Appendix A. The model for calculating expected Daphnia fitness in the water column.
The vertical change of fitness of Daphnia galeata throughout the sampling period was modeled with respect to temperature and food in terms of the juvenile growth rate (g/d), which is based upon changes in mass. Juvenile growth rate was used as a measure of fitness as it is strongly correlated to the intrinsic rate of population increase (Lampert and Trubetskova 1996).
Daphnia growth rate from different food concentrations were obtained from two growth experiments conducted during the summer. In the laboratory, Daphnia were provided with lake seston from different water depth of the Oberer Arosasee. The experiments were carried out in flowthrough chambers with a constant flow rate and temperature (details are described in Winder et al. 2003). In addition, particulate organic carbon (POC) from lake seston was measured. These experiments provided juvenile growth rates at different POC concentrations. From these observed relations, expected growth rates of D. galeata were calculated from measured POC concentrations at different depths throughout the sampling period using the Monod equation:
gexp = gmax * (POCobs – POCmin) / (POChalf+ POCobs – 2 POCmin)
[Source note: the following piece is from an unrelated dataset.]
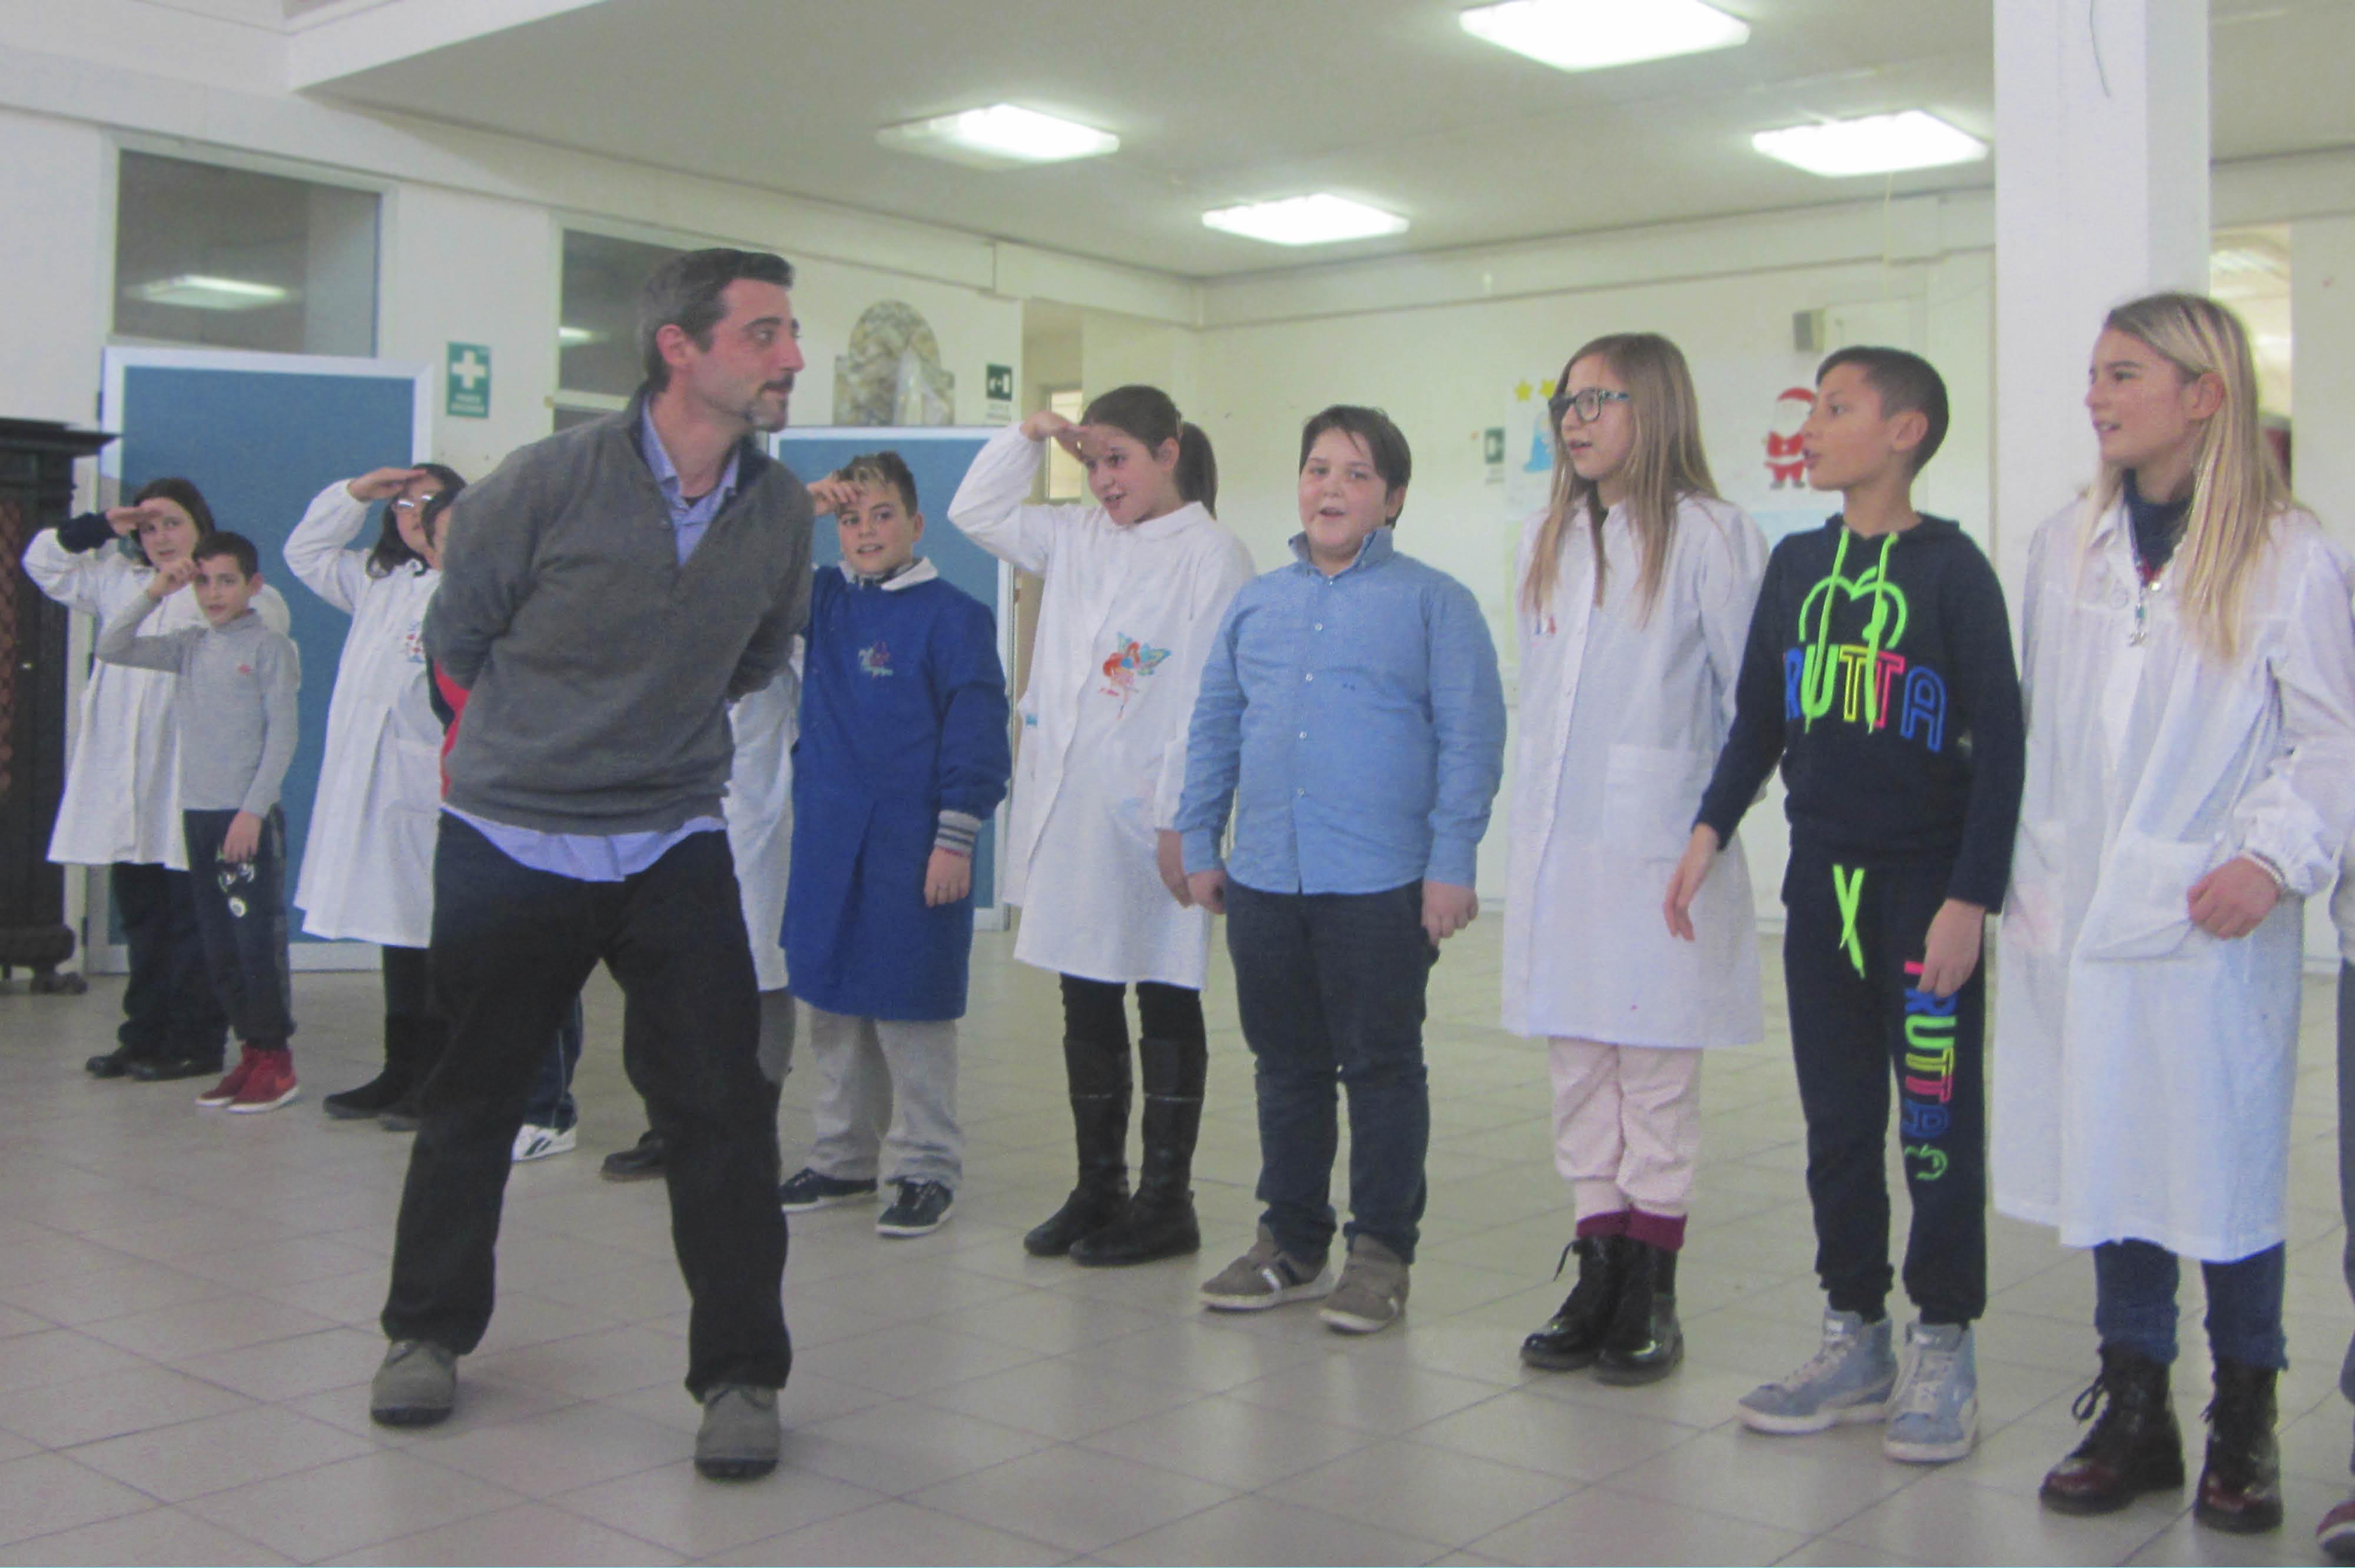 Benedict School Pomigliano d'Arco @ Somma28

where gexp = expected growth rate, gmax = maximum growth rate observed, POCobs = observed POC concentration (mg/L), POCmin = minimum POC concentration necessary for Daphnia growth, and POChalf = POC concentration at 0.5 gmax. POCmin was set to 0.11 mg/L according to Boersma and Vijverberg(1995), POChalf to 0.60 mg/L, and gmax to 0.59 as measured in the experiment.
Because the experiment was carried out at constant temperature (18 ºC), the expected growth rates in the water column of the lake were corrected for the temperature measured in the specific depth layer of the lake. Therefore we used the relation between temperature and developmental time determined by Vijverberg (1980), under the assumption that somatic growth rates scale with temperature in a similar way. In addition, growth rates were corrected for ambient oxygen concentrations because oxygen declined considerable in the lake below 10-m depth during the summer, therefore making this depth layer less valuable for Daphnia. A critical level of 3.5 mg·oxygen·L-1 was taken into account (Hanazato 1992). Below this threshold expected growth rate was assumed to be linearly related to oxygen concentration. Depth of highest expected relative fitness was calculated by multiplying the expected growth rate per depth stratum by the average depth of the stratum. These values were summed and divided by the sum of growth rate of the water column. This estimated mean depth was expanded to a 2.5 m layer (Fig. 2) to account for the 2.5-m Daphnia sampling interval.
Boersma, M., and J. Vijverberg. 1995. Synergistic effects of different food species on life-history traits of Daphnia galeata. Hydrobiologia 307:109115.
Hanazato, T. 1992. Direct and indirect effects of low-oxygen layers on lake zooplankton communities. ArchivfürHydrobiologie, BeiheftErgebnissederLimnologie 35:8798.
Lampert, W., and I. Trubetskova. 1996. Juvenile growth rate as a measure of fitness in Daphnia. Functional Ecology 10:631635.
Vijverberg, J. 1980. Effect of temperature in laboratory studies on development and growth of Cladocera and Copepoda from Tjeukemeer, The Netherlands. Freshwater Biology 10:317340.
Winder, M., M. Boersma, and P. Spaak. 2003. On the cost of vertical migration: are feeding conditions really worse at deeper depth? Freshwater Biology 48:383393.